Embedding mode requires pre-computed dense vectors stored in a vector(N) column on patient_feature_vectors. These vectors are generated by a Laravel queue job (ComputePatientFeatureVectors) that:

  1. Extracts clinical features from CDM tables (conditions, drugs, measurements, procedures, genomics)
  2. Stores them as JSONB in the feature vector table
  3. Sends batches to the Python AI service for encoding
  4. Writes the resulting vectors back to pgvector

Steps 1 and 2 worked perfectly. Step 3 failed on every single call. Step 4 never executed.

Bug #1: Integer Concepts vs. String Validation

The Pydantic model for the /patient-similarity/embed endpoint declared concept lists as list[str]:

class PatientFeatures(BaseModel):
condition_concepts: list[str] = Field(default_factory=list)
drug_concepts: list[str] = Field(default_factory=list)
procedure_concepts: list[str] = Field(default_factory=list)

But OMOP concept IDs are integers. PHP's PatientFeatureVector::toArray() serializes the JSONB condition_concepts column as [4120002, 4045900, 4031047] — a list of integers. FastAPI's Pydantic validation rejected every request with:

{"detail": [{"type": "string_type", "loc": ["body", "condition_concepts", 0],
"msg": "Input should be a valid string", "input": 4120002}]}

The EmbeddingClient caught the 422, logged a warning, and returned an empty array. The job continued to the next batch.
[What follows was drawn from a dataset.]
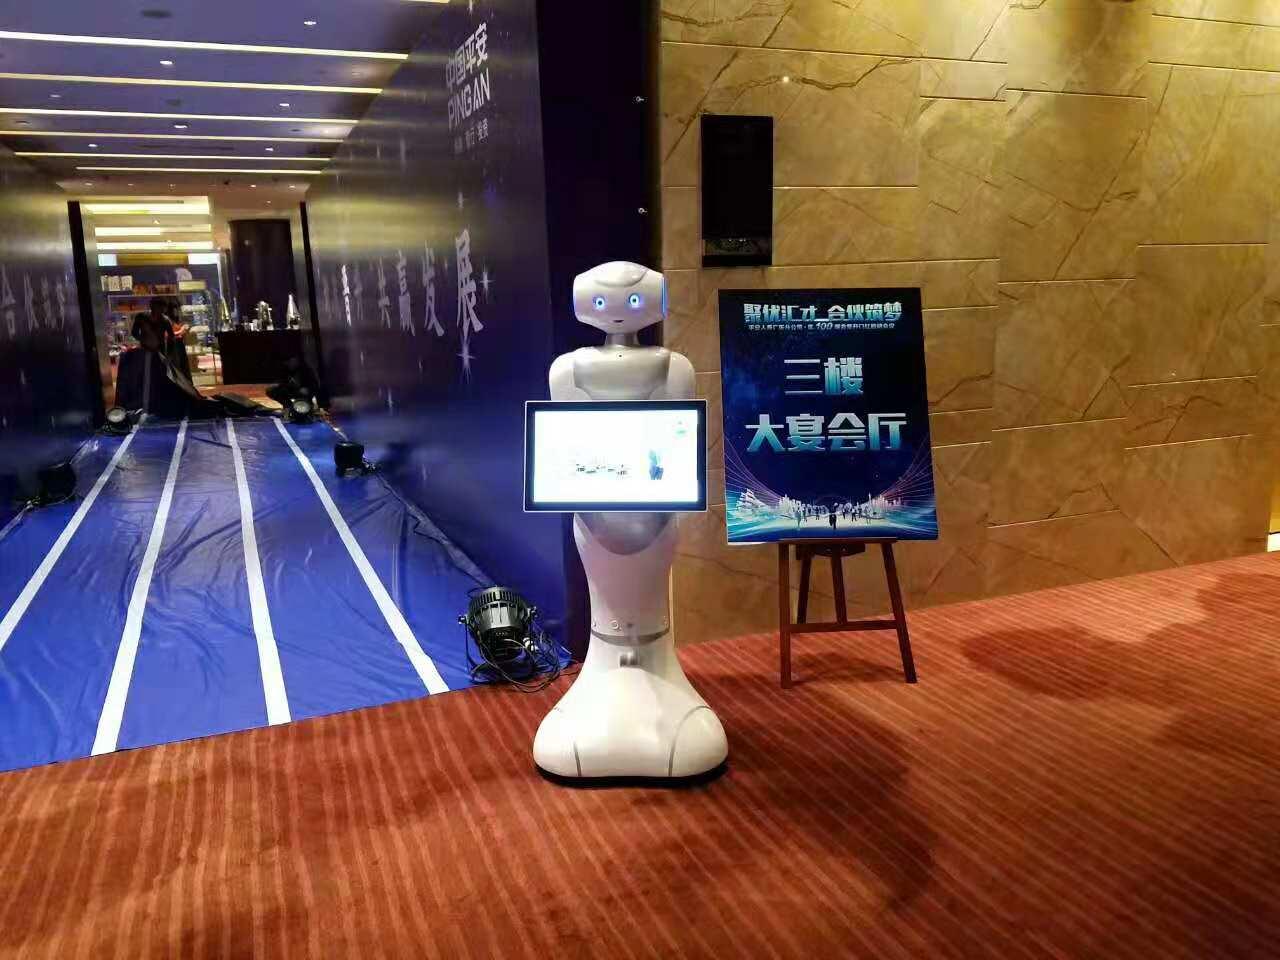 中国平安大白佩佩机器人

Bug #2: Dict Lab Vector vs. List Validation

The lab_vector field was declared as list[float], but PHP sends a JSONB dictionary mapping concept IDs to z-scores:

{"3025315": -0.1184, "3036277": -0.0578, "3036832": 1.5564}

Same failure pattern — Pydantic rejected the dict, the client swallowed the error.

Bug #3: Batch Response Key Mismatch

Even if the first two bugs hadn't existed, the batch endpoint wouldn't have worked. The Python API returns:

{"embeddings": [{"person_id": 142763, "embedding": [...], "dimension": 768}, ...]}

But EmbeddingClient::embedBatch() iterated the response as a flat array:

foreach ($embeddings as $pid => $embedding) {
// $pid = 0, 1, 2... (array indices, not person IDs)
// $embedding = {"person_id": 142763, ...} (object, not float array)
}

The UPDATE would have tried to write a JSON object as a pgvector value with index 0 as the person_id.

The Compound Effect

Three bugs, three layers, one outcome: zero embeddings for any patient in any source. The job always "succeeded" — it just never wrote any vectors. The interpretable search mode worked fine as a fallback, masking the problem entirely. We only discovered it because we asked a simple question: why does the embedding column show NULL for every row?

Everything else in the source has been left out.